When he signed it, Trump called it “the most popular bill ever signed,” but according to one reliable poll, half of the country oppose it and only one-third supported it. Several progressive organizations—50501, Indivisible, and the Women’s March—organized over 300 “Free America” rallies with thousands of participants raising the call to: “Free America from the grip of greedy billionaires who rig the system for themselves.”
The bill reorders American priorities, cutting social welfare programs in order to give enormous tax cuts to the rich. Trump strong armed Republicans, threatening to oppose their reelection if they opposed him. Some of them wanted even deeper cuts to social welfare in order to reduce the country’s $36.2 trillion national debt, while others opposed Medicaid cuts that would harm their constituents and their own chances of reelection. In the end, only a few Republicans had the courage to oppose him, and the bill passed by four votes in the House and by one vote in the Senate, the tie-breaking vote of Vice-President J.D. Vance.
What’s in the Bill
The most important measures in the bill are these. Cut Medicaid health coverage for low-income and elderly Americans over the next ten years, amounting to $1 trillion, which means 11.8 million adults and children will no longer be covered. The Supplemental Nutrition Assistance Program (SNAP), will be reduced by $287 billion in federal spending over 10 years, affecting millions. The bill also eliminates programs and funds to stop climate change and for environmental justice. The cost of cuts like these immediately became clear. Trump and the Republicans cut the staff of the National Weather Service and slashed the climate budget just as extreme rains and floods drowned 15 children and swept away and presumably drowned another 25 girls in summer camp in Texas.
These cuts made it possible to extend Trump’s 2017 tax cuts and add new ones, reducing taxes principally on the rich by $4.5 trillion.

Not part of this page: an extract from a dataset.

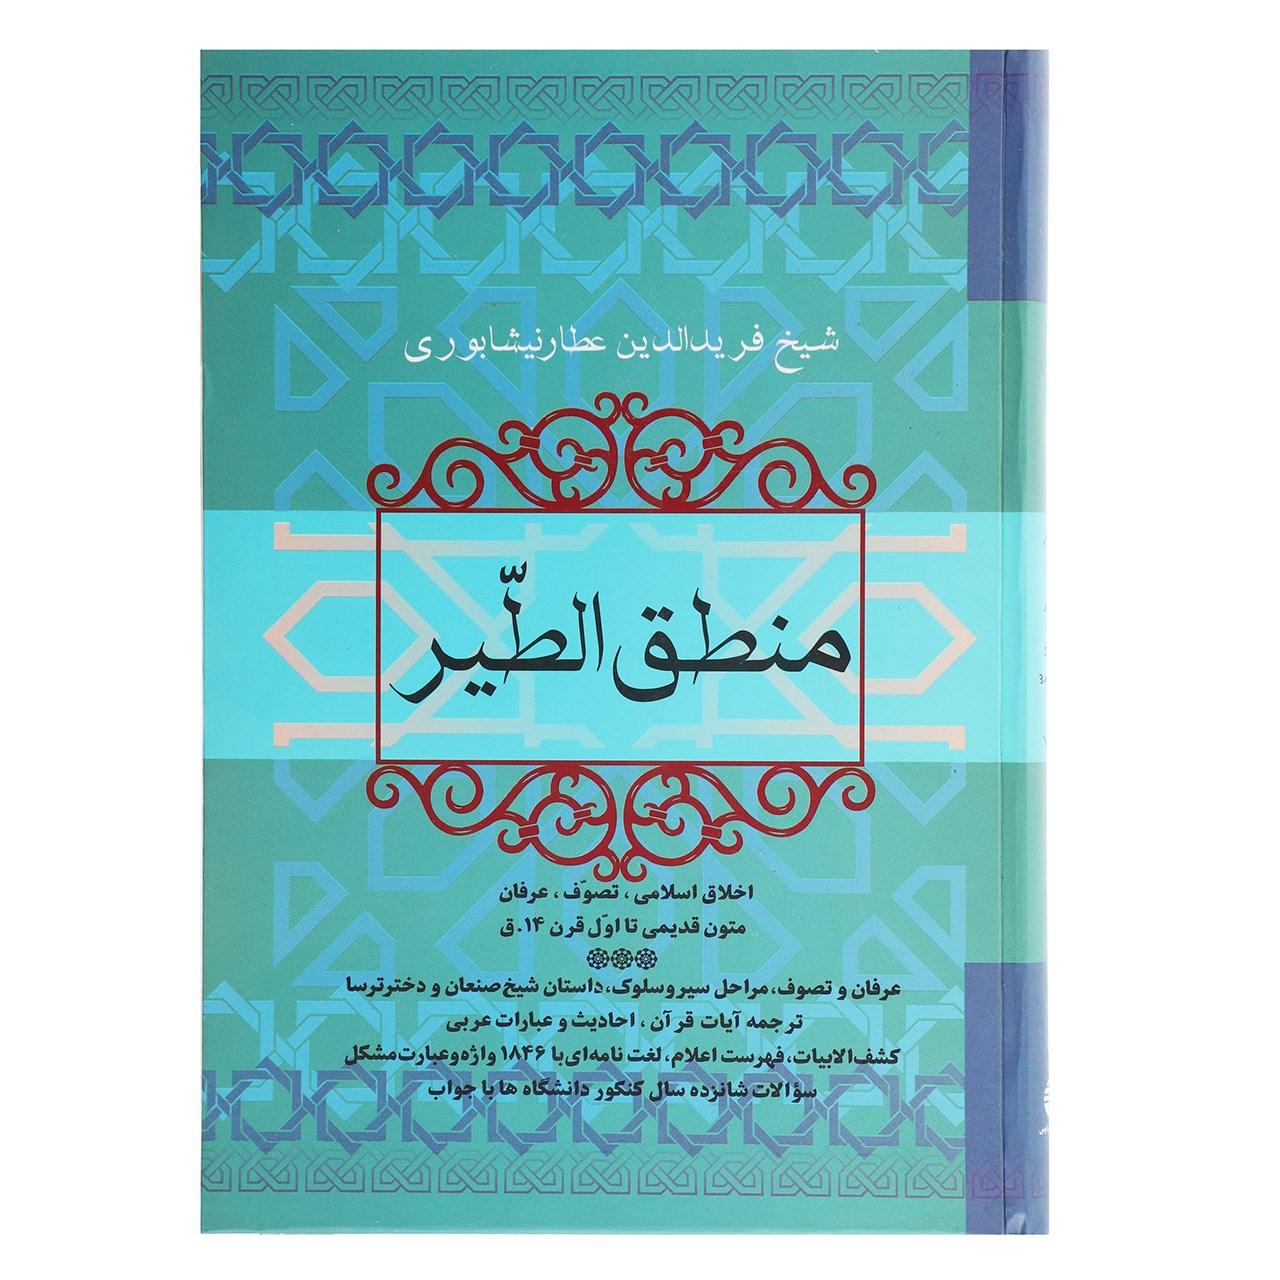 کتاب منطق الطیر اثر فریدالدین عطار نیشابوری

At the same time, it appropriates $150 billion for the military, for ship building, for the “Golden Dome” missile defense system, and for arms. The military budget will for the first time reach almost $1 trillion. And the budget allocates $45 billion for the construction by private companies of immigrant detention centers, in effect prisons, with 100,000 beds. There is also $46.5 billion to build the U.S.-Mexico border wall and $6 billion for technology and surveillance.
Trump took advantage of the Fourth of July, America’s Independence Day, as B-2 bombers flew overhead, to celebrate the U.S. bombing of Iran and to praise Republican leaders for passing his “Big Beautiful Bill,” claiming falsely that people wouldn’t even notice the cuts because they only eliminated “fraud and abuse.” Trump concluded, “We will have the strongest economy and the strongest borders on earth.”
Democrats believe that the bill will anger voters and make it possible for them to take back the House of Representatives in the November 2026 elections. But the Democratic Party may not be able to take advantage of this opening because it remains divided, between the party’s leaders, who have failed to successfully address the American public, and Democratic Socialists like Senator Bernie Sanders, Congresswoman Alexandria Cortez, who attracted tens of thousands to their anti-oligarchy rallies, and Zohran Mamdani who just won the New York City Democratic Party’s mayoral primary election. The resistance is growing, but must become stronger to have an impact on the elections.